Core Concepts
COPAL-ID is a novel, public Indonesian language common sense reasoning dataset that incorporates Indonesian local and cultural nuances, providing a more natural portrayal of day-to-day causal reasoning within the Indonesian cultural sphere.
Abstract
The authors present COPAL-ID, a novel Indonesian language common sense reasoning dataset that incorporates local and cultural nuances. Unlike previous Indonesian datasets like XCOPA-ID, COPAL-ID is professionally written by native Indonesians from scratch, making it more fluent and free from awkward phrases.
COPAL-ID is designed to capture three categories of locality: Culture, which reflects local customs or norms; Local Terminology, which includes terms commonly known by locals but not outsiders; and Language, which tests the nuance of the Indonesian language, including homonymy and non-compositionality.

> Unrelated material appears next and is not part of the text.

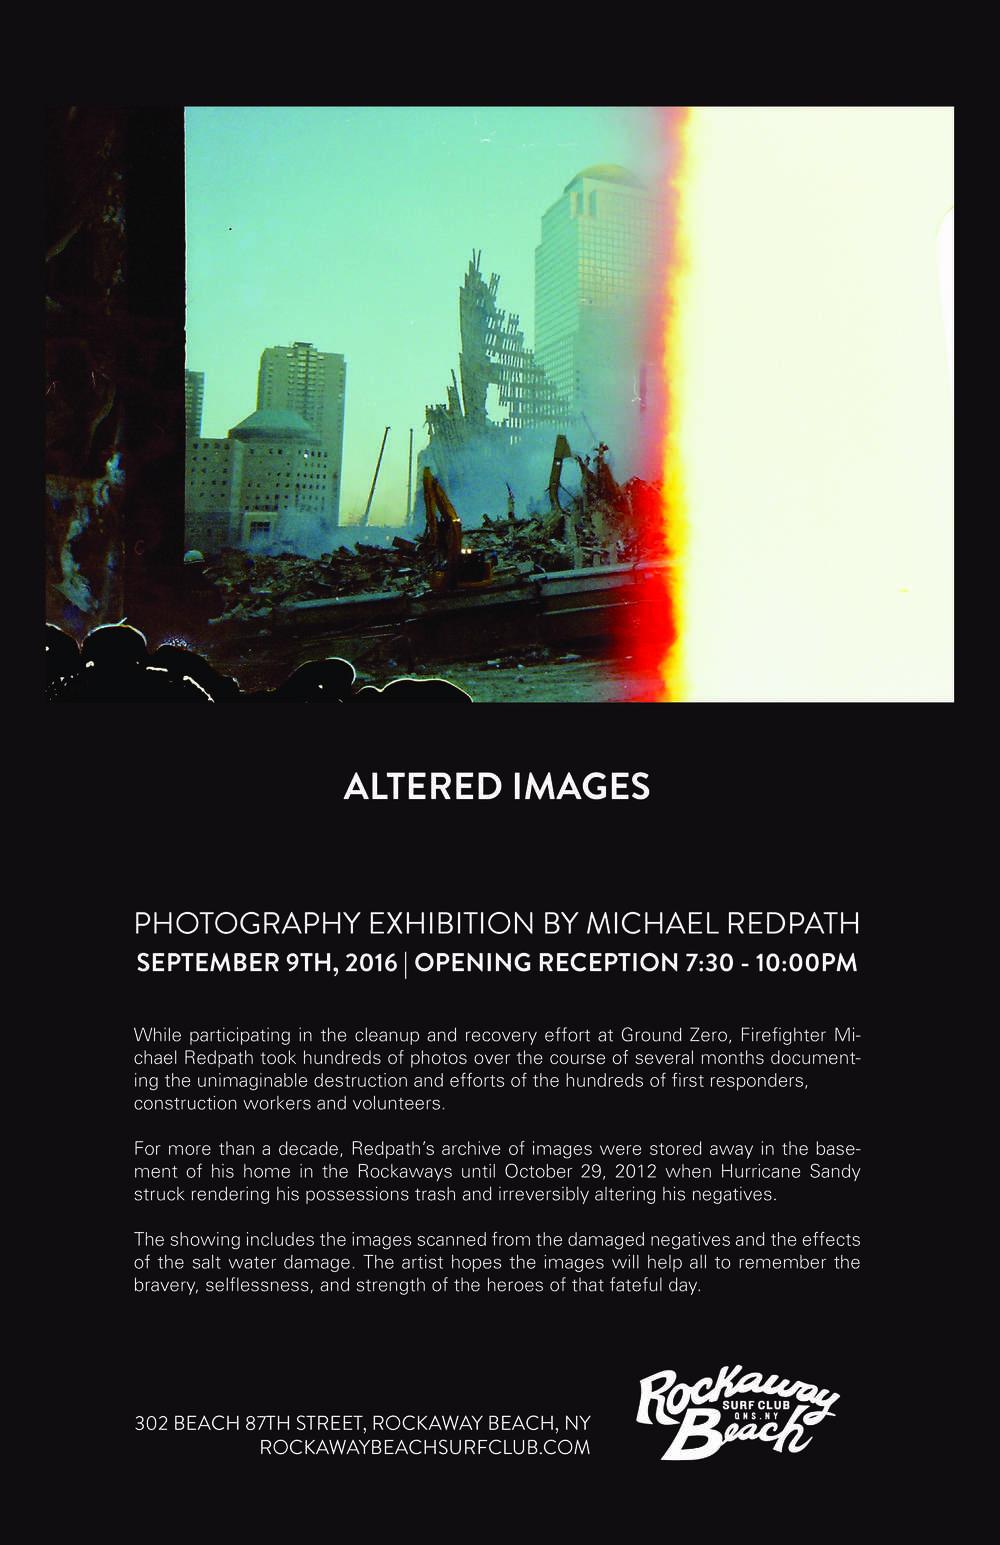 altered images michael redpath rockaway beach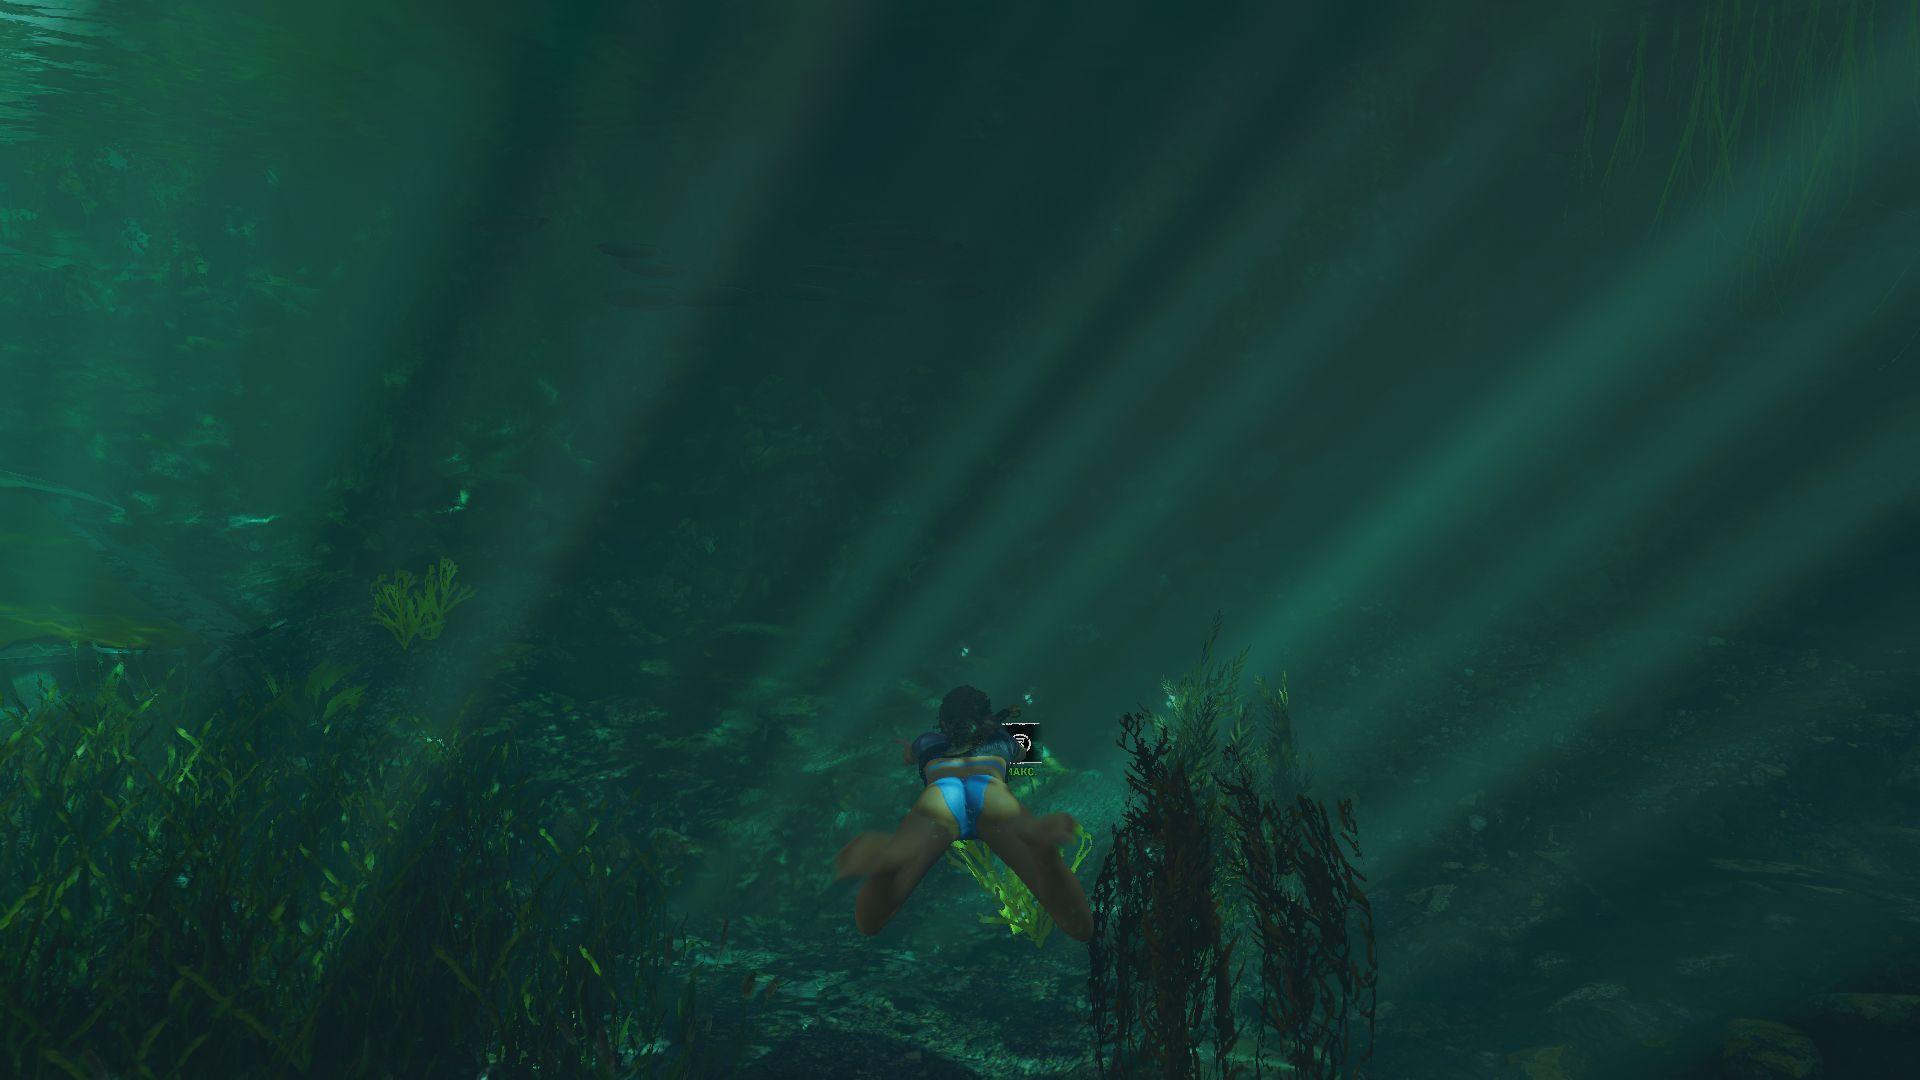 000678.Jpg - Shadow of the Tomb Raider

The dataset is provided in both standard Indonesian and colloquial Jakartan Indonesian, a dialect commonly used in daily conversation. The authors find that COPAL-ID poses a greater challenge for existing open-sourced and closed state-of-the-art multilingual language models, achieving only 66.91% accuracy, compared to near-perfect human performance. This suggests that current language models still struggle to comprehend the local nuances of Indonesian.
Stats
The man updated his KK (a legal document that lists all the family members in a household).
My neighbor's house was just broken into by thieves.
That kid was accepted into UI (one of the top universities in Indonesia).
Quotes
"Nasi kuning is often served for celebrations."
"Gigit jari is a figure of speech to express helplessness."